GPAI must be distinguished from several adjacent instruments. It is not the OECD AI Principles themselves—rather, it is the multistakeholder vehicle that operationalises those principles through applied projects. It differs from the EU AI Act, a binding regional regulation entering into force in 2024, in that GPAI produces no enforceable law. It is separate from the UN High-Level Advisory Body on Artificial Intelligence and from UNESCO's 2021 Recommendation on the Ethics of AI, both of which sit within the United Nations system rather than the OECD orbit. It is likewise distinct from the AI Safety Summit process initiated at Bletchley Park in November 2023, which concentrates on frontier-model catastrophic risk, whereas GPAI's mandate is broader and more development-oriented.
GPAI has attracted critique on grounds familiar to multistakeholder governance. Its non-binding character means recommendations carry no compliance mechanism, leading some observers to question its practical leverage against the binding force of the EU AI Act or national legislation. The exclusion of the People's Republic of China—a consequence of the partnership's explicit grounding in democratic values and human rights—limits its claim to global coverage of AI capacity. The 2023 integration with the OECD prompted debate over whether GPAI would retain its distinct multistakeholder identity or be subsumed into an intergovernmental body where civil-society and academic voices weigh less heavily. The rapid emergence of generative AI after late 2022 also pressured GPAI to reorient work programmes faster than its annual summit cadence comfortably allowed.
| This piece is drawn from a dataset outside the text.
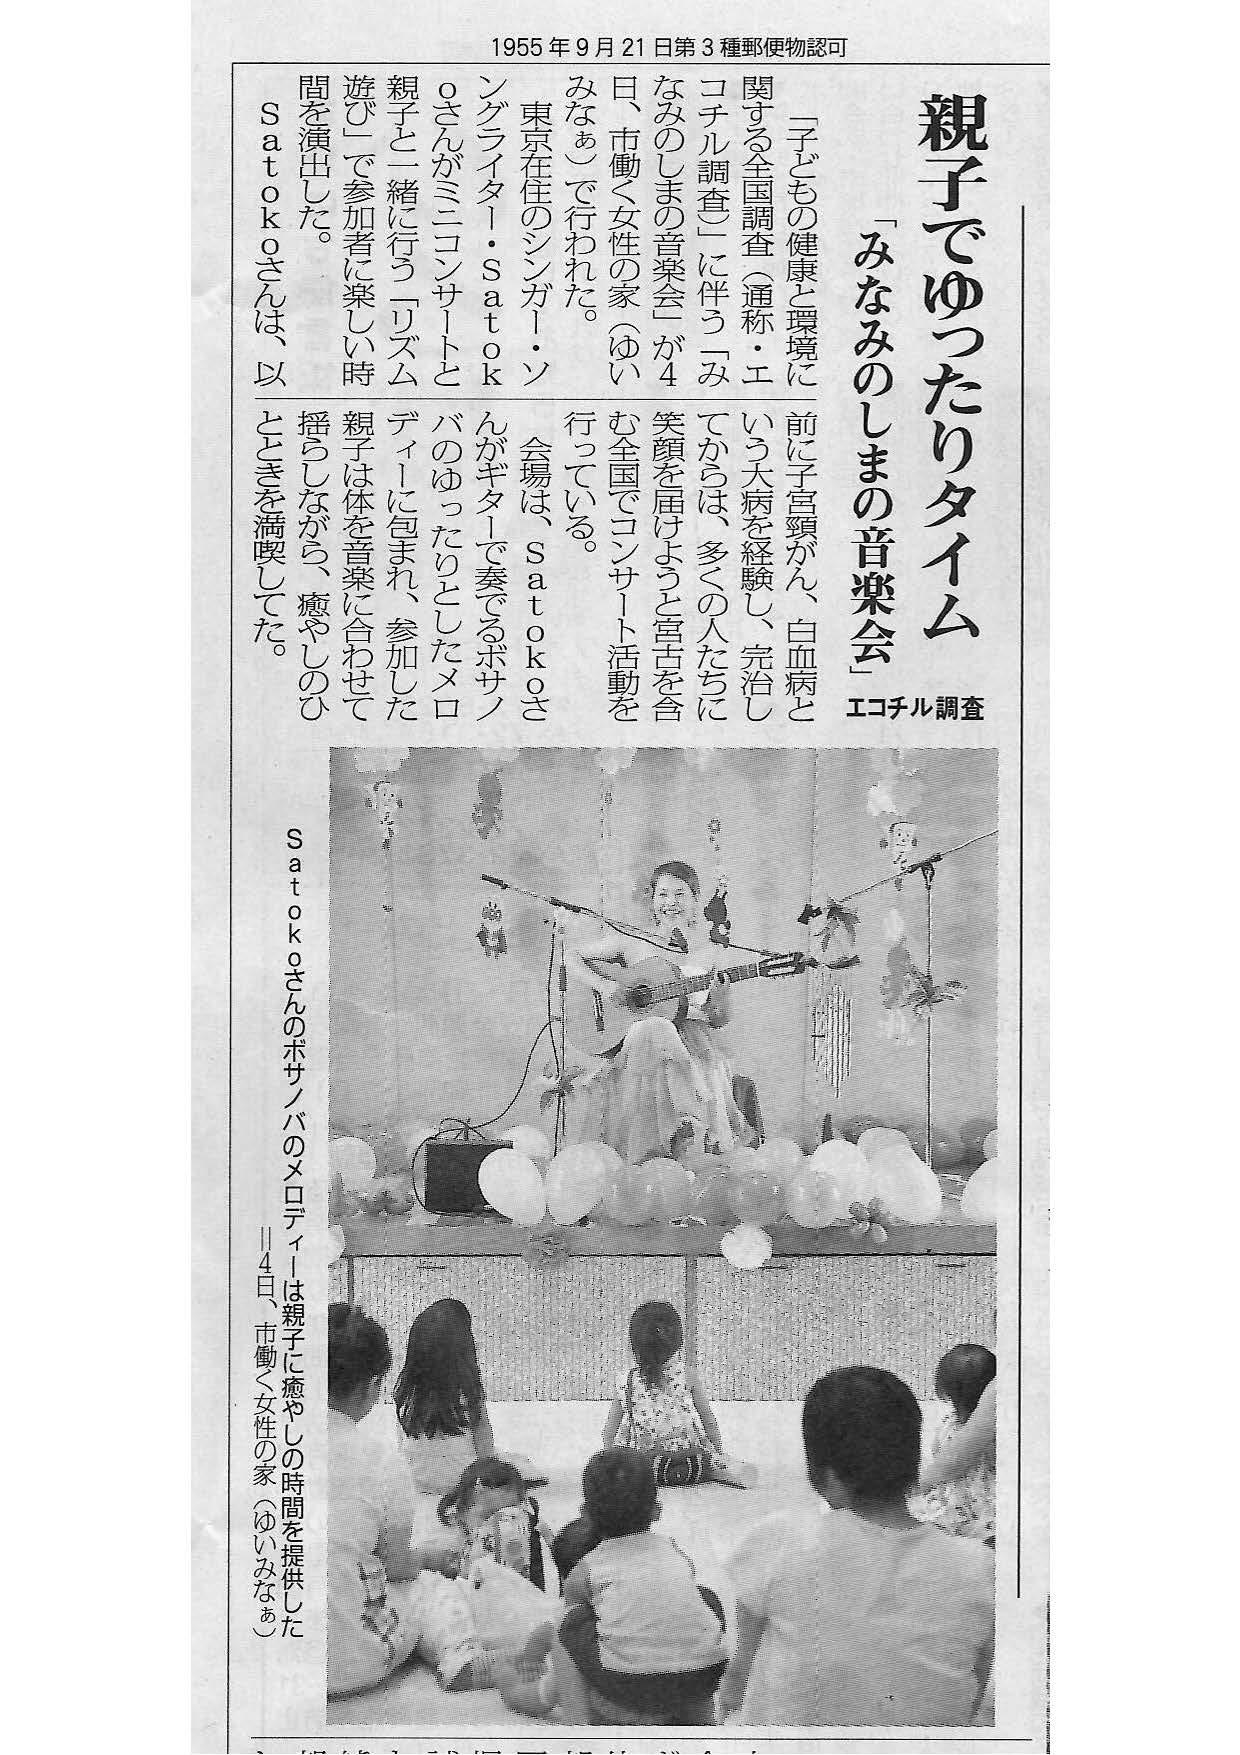 「みなみの島の音楽会」@宮古島「ゆみなぁ」2015.07.05_d0058064_22535710.jpg
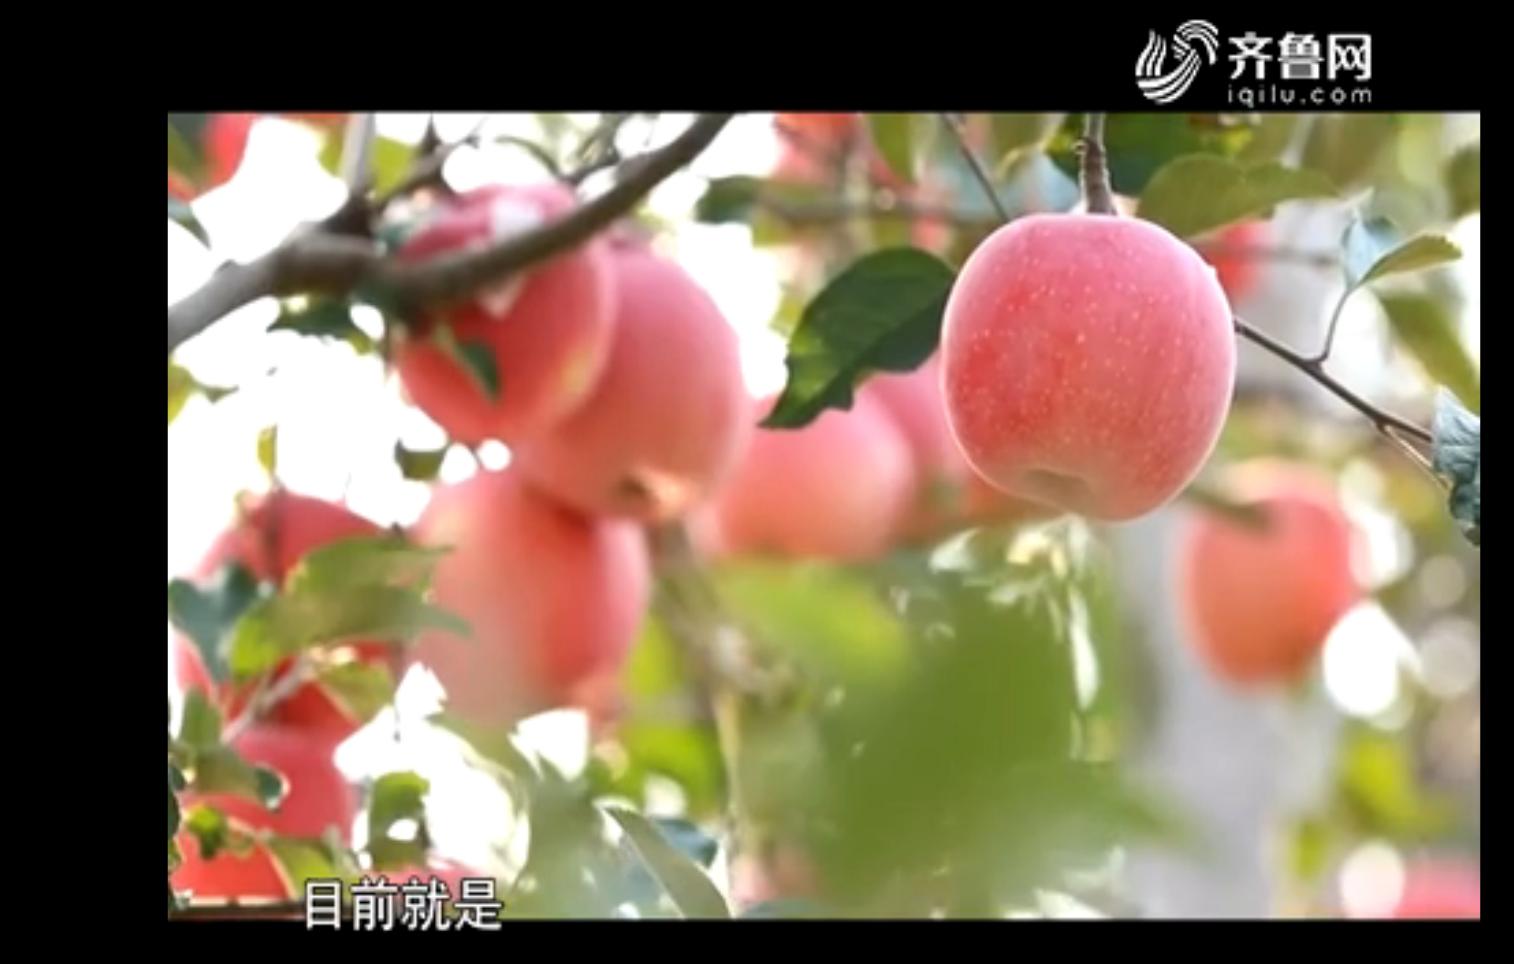 品牌农业在山东:第一个苹果

For the working practitioner—the desk officer tracking technology diplomacy, the policy researcher mapping the AI governance landscape, or the UPSC aspirant preparing GS Paper II on international institutions—GPAI is a reference point for understanding how like-minded democracies coordinate on emerging technology without ceding sovereignty to a treaty regime. It exemplifies the soft-law, principles-first model that increasingly characterises global digital governance, sitting between purely normative declarations and binding regulation. India's chairmanship signals the strategic weight emerging economies now command in shaping AI norms, and GPAI's evolving relationship with the OECD, the G7 Hiroshima AI Process, and the UN system offers a live case study in institutional layering and the contest to set the rules of the AI era.
Example
India chaired the Global Partnership on Artificial Intelligence and hosted its annual summit in New Delhi from 12 to 14 December 2023, where members adopted the New Delhi Declaration on responsible AI.
Frequently asked questions
No. GPAI is a voluntary multistakeholder partnership grounded in the non-binding OECD AI Principles of 2019. It produces reports, pilot projects, and policy recommendations rather than enforceable obligations, distinguishing it sharply from binding instruments such as the EU AI Act.